16

I'm trying to understand a concept rather than fixing a piece of code that won't work.

I'll take a general example of a form (parent table) and a form field (child table). Logically, this would be an identifying relationship, since a form field cannot exist without a form.

form and form_field tables

This would make me think that in order to translate the logical relationship into the technical relationship, a simple NOT NULL for the form_id field in the form_field table would suffice. (See the left part of above screenshot.)

However, when I add an identifying relationship using MySQL Workbench, form_id is not only NOT NULL but also part of the primary key. (See the right part of above screenshot.) And when I add a non-identifying relationship, NOT NULL is still applied so logically it would actually be an identifying relationship as well.

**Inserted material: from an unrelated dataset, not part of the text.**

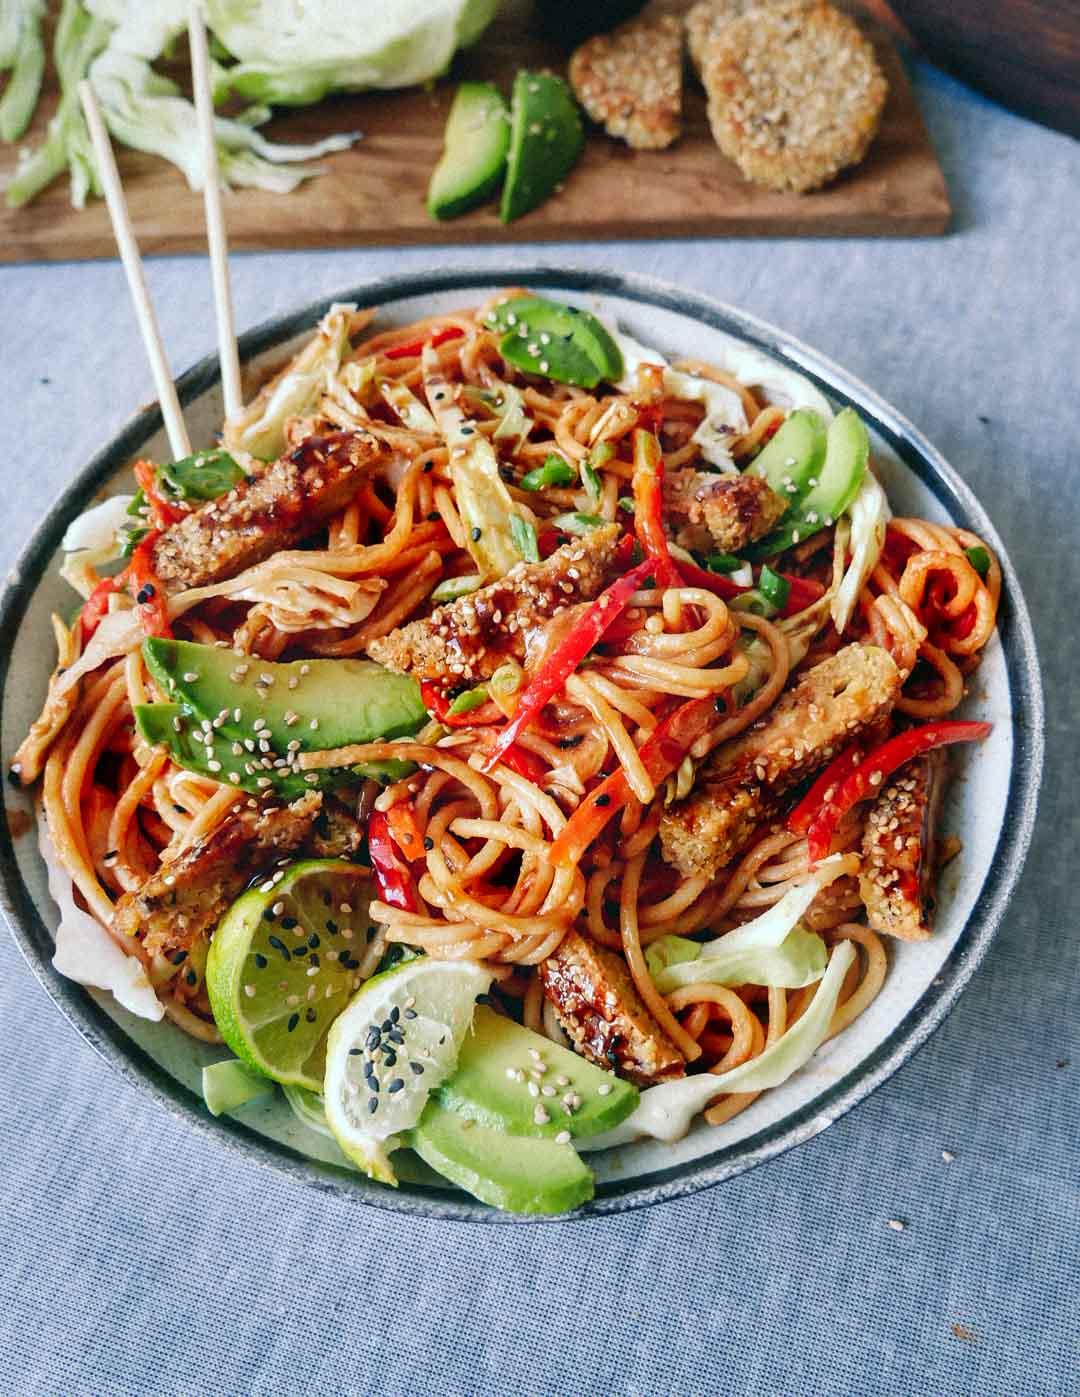 vegan spaghetti dinner

I guess this confuses me a little, as well as the fact that until now I always simply used the id field as primary key.

So I understand the logical concept of identifying vs. non-identifying relationships, but I don't understand the technical part.

Why is it, as this answer states, 'the "right" way to make the foreign key part of the child's primary key'?

What is the benefit of these composite primary keys?

pnuts
  • 58,317
  • 11
  • 87
  • 139
Nic Wortel
  • 11,155
  • 6
  • 60
  • 79

2 Answers2

7

Logically, this would be an identifying relationship, since a form field cannot exist without a form.

No, identifying relationship is about identification, not existence.

Any X:Y relationship where X >= 1 guarantees existence of the left side, whether identifying or not. In your case, a 1:N relationship guarantees existence of form for any given form_field. You could make it identifying or non-identifying and it would still guarantee the same.

Remarks:

  • You would model an identifying relationship by making form_field.form_id part of a key. For example form_field PK could look like: {form_id, label}, which BTW would be quite beneficial for proper clustering of your data (InnoDB tables are always clustered).
  • Just making a PK: {id, form_id} would be incorrect, since this superkey is not a candidate key (i.e. it is not minimal - we could remove form_id from it and still retain the uniqueness).
  • You would model a 0..1:N relationship by making the form_field.form_id NULL-able (but then you wouldn't be able to make it identifying as well - see below).

There are two definitions of the "identifying relationship":

  • Strict definition: A relationship that migrates parent key into child primary key1.
  • Loose definition: A relationship that migrates parent key into child key.

In other words, the loose definition allows migration into alternate key as well (and not just primary).

Most tools2 seem to use the strict definition though, so if you mark the relationship as identifying, that will automatically make the migrated attributes part of the child PK, and none of the PK attributes can be NULL.


1 Which is then either completely comprised from migrated attributes, or is a combination of migrated attributes and some additional attributes.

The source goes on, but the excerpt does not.